If you want to understand how we got here — how the Democrats’ New Deal coalition shattered in the 1970s, and why progressives are still picking the shrapnel out of their political hides — you must read Jefferson Cowie’s “Stayin’ Alive: The 1970s and the Last Days of the Working Class.” If you missed the 1970s entirely, or only remember it as a child or teen (as I do), you’ll learn a lot. If you lived through it, you might come to think about it all very differently — the missed opportunities, and what they say about our own time. Plus, this isn’t an eat-your-spinach review, it’s a fun read with cultural insight that makes connections I hadn’t, from “Saturday Night Fever” to “Dog Day Afternoon,” Bruce Springsteen to Devo.
Telling the story of how the New Left clashed with Big Labor to bring about the end of New Deal liberalism, Cowie is impossibly fair. Some accounts stress the conservatism (and racism and sexism) of labor bosses; others emphasize the New Left’s contempt for mainly white union members and its preference for what came to be called “identity politics,” the struggle of women, minority groups and gays for equal rights. Cowie reveals the extent to which both narratives have some truth.

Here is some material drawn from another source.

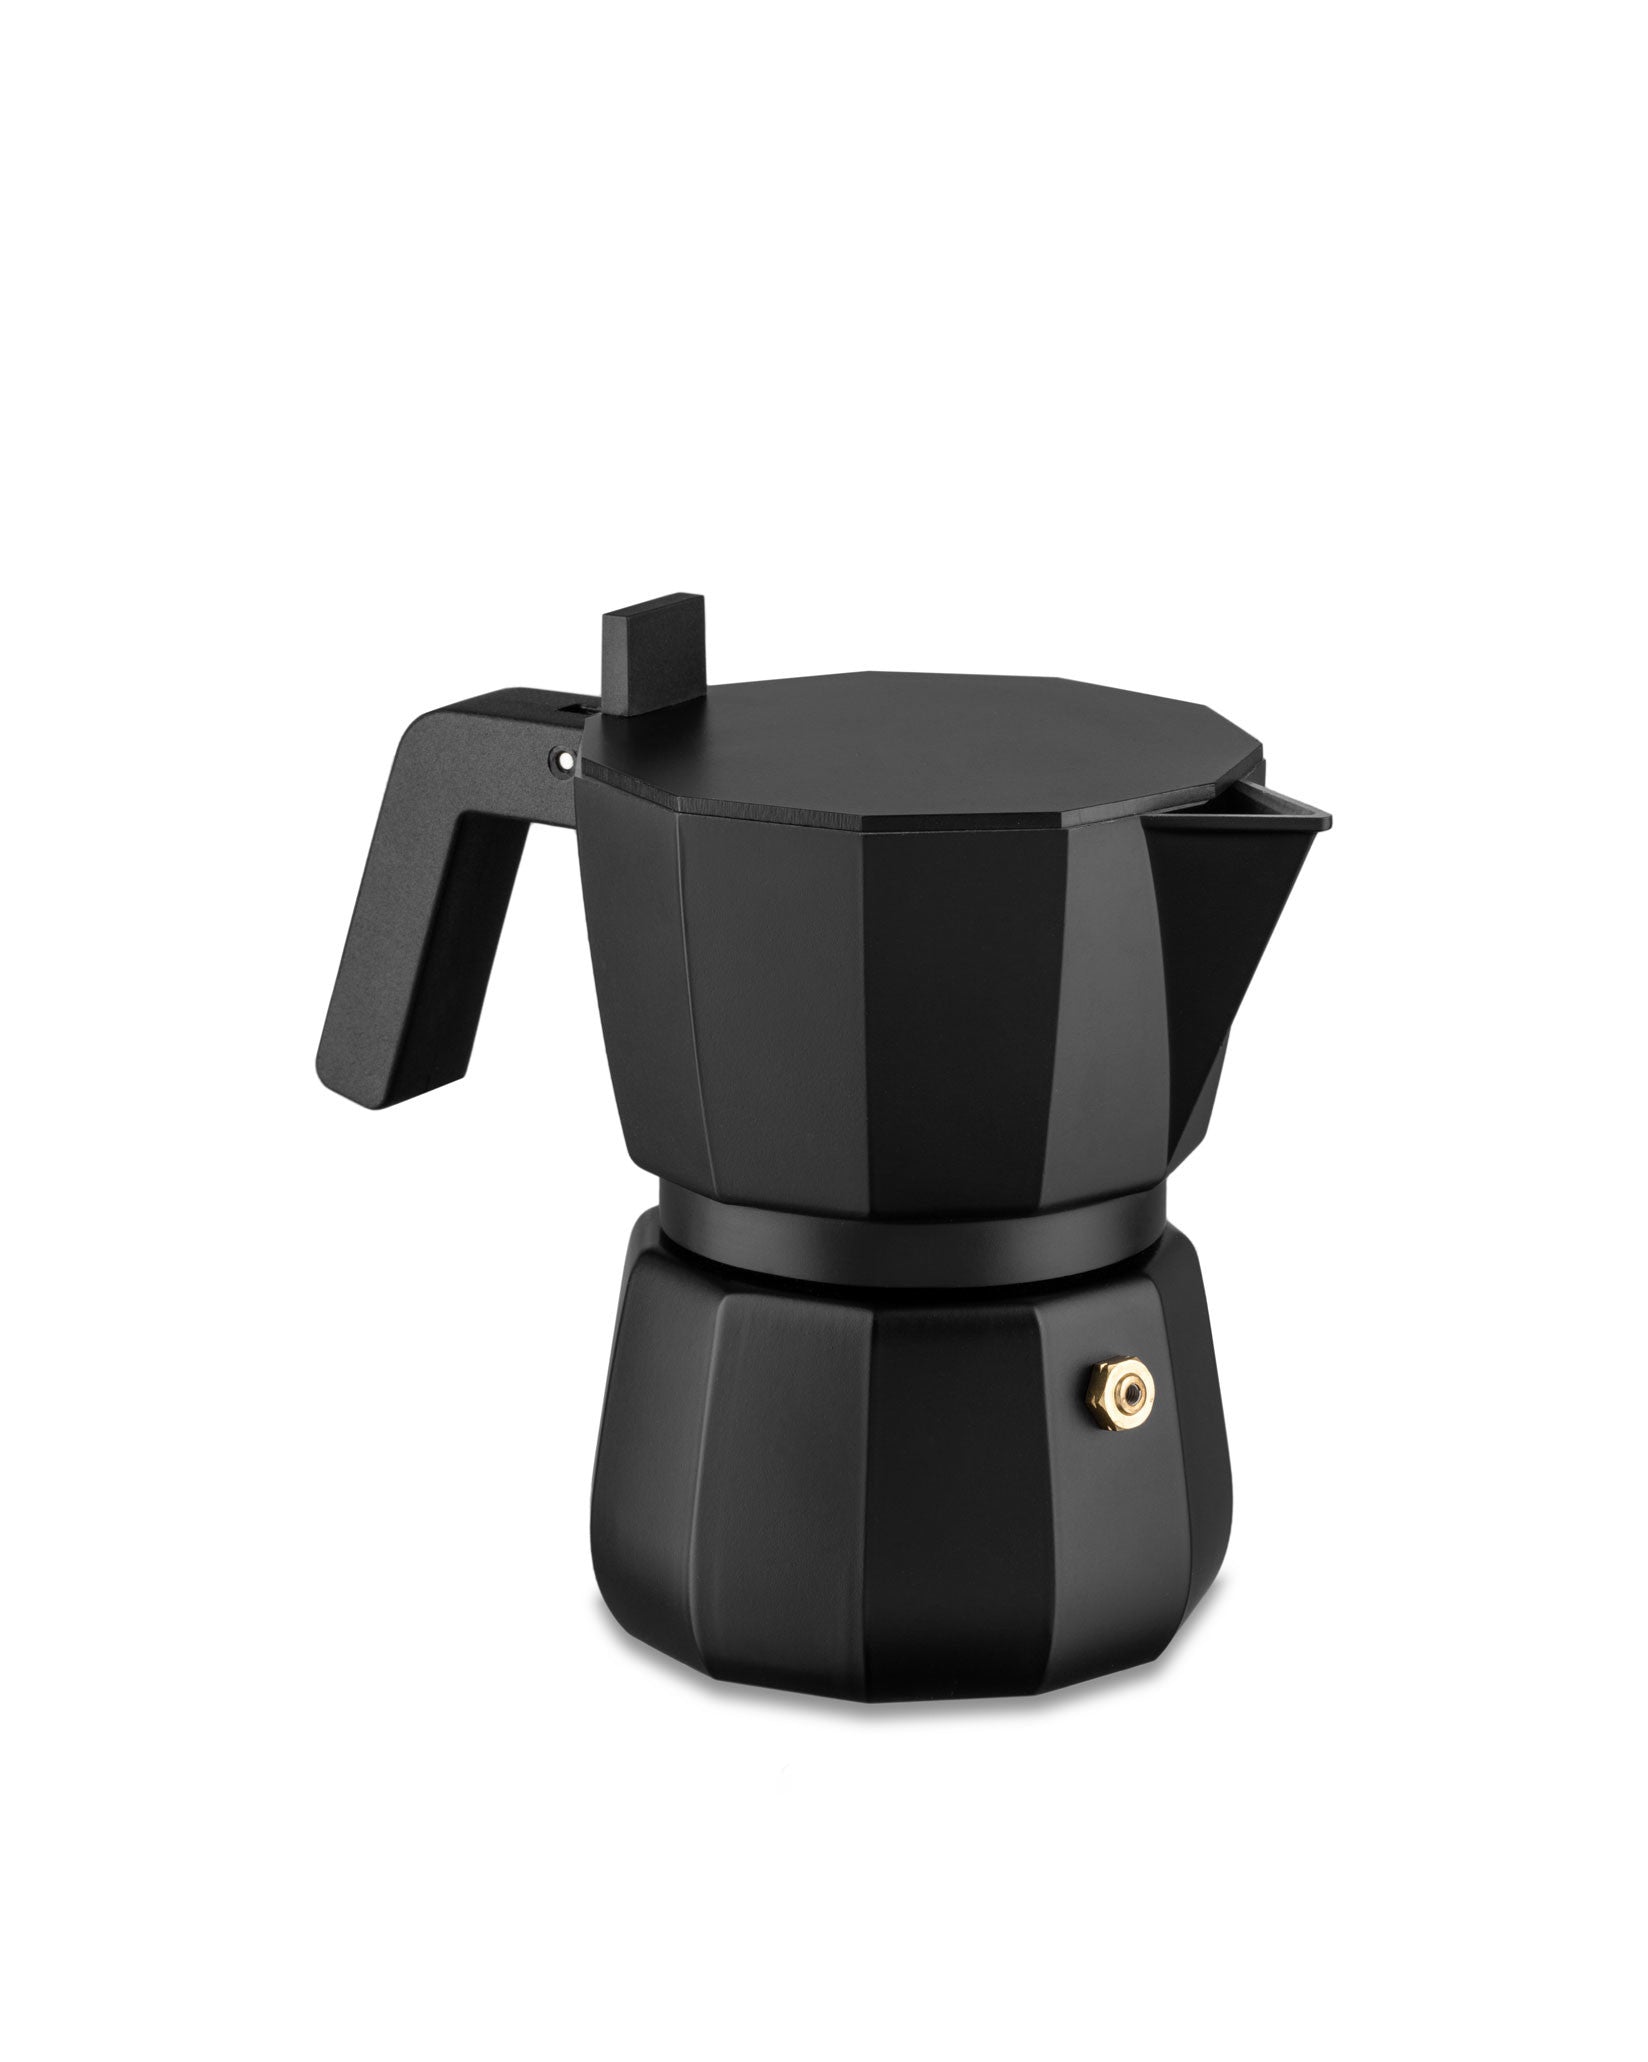 Moka - Espresso coffee maker in aluminium casting, black. – Alessi Spa (EU)

“Stayin’ Alive” also makes clear that the roots of intra-Democratic Party strife in the ’60s can be found in the glorious New Deal of the ’30s, which, to win the support of Southern Democrats, excluded agricultural and service workers from its new protections, including the National Labor Relations Act, leaving out many blacks as well as women. That led to strange inequities, such as a firm legally and successfully arguing it laid off workers because they were black, not because of union activism (the first was OK, the second was prohibited by federal law).
And once industrial unions were forced, whether by upstart organizers or federal intervention, to bring blacks and women into their ranks, the decline of industries like steel, mining and auto manufacturing created a zero-sum agony in which the worst nightmares of white unionists came true: Integration often came at the expense of white guys, as the number of overall jobs began to contract nationwide. But nobody won: While the percentage of black steelworkers, for instance, climbed during the ’70s, the overall number of black steelworkers actually declined. Cowie in no way suggests the push to integrate those industries was a mistake (nor do I); it just suggests that the paranoia of the white working class, that minorities and women would take away their jobs, in some cases came true. As Cowie puts it: “Diversity arrived to American industry just as industry was leaving America.”
With their cultural and material standing on the wane, blue-collar workers drifted to the Republican Party, which came to represent a kind of identity politics for white working-class men. Cowie traces the story of Dewey Burton, an autoworker outside of Detroit who made the transition from Hubert Humphrey Democrat to George Wallace Democrat to Reagan Democrat in just about a decade. Frustrated with his job and his union, angry at Democrats for supporting mandatory busing to integrate the public schools, Burton became a symbol of the rightward drift of the white working class, profiled repeatedly by the New York Times. Nixon went after men like Burton in 1972, with a strategy of “cultural recognition” of their grievances while paying little attention to their economic travails. By the time of the notorious “hard-hat riots” of 1970, when construction workers beat up antiwar protesters near New York’s City Hall, Nixon saw the promise of a blue collar-GOP alliance. The head of the building trades, Peter Brennan, did too; he went to the White House and presented Nixon with his own hard hat, and became secretary of labor in Nixon’s second administration. While George Meany flirted with Nixon, he refused to endorse him — but he did everything in his power to make sure George McGovern lost in 1972. As Cowie explains, “The majority of white working class voters [selected] Nixon by wide margins over the most pro-labor candidate ever produced by the American two-party system.” The New Deal coalition was dead.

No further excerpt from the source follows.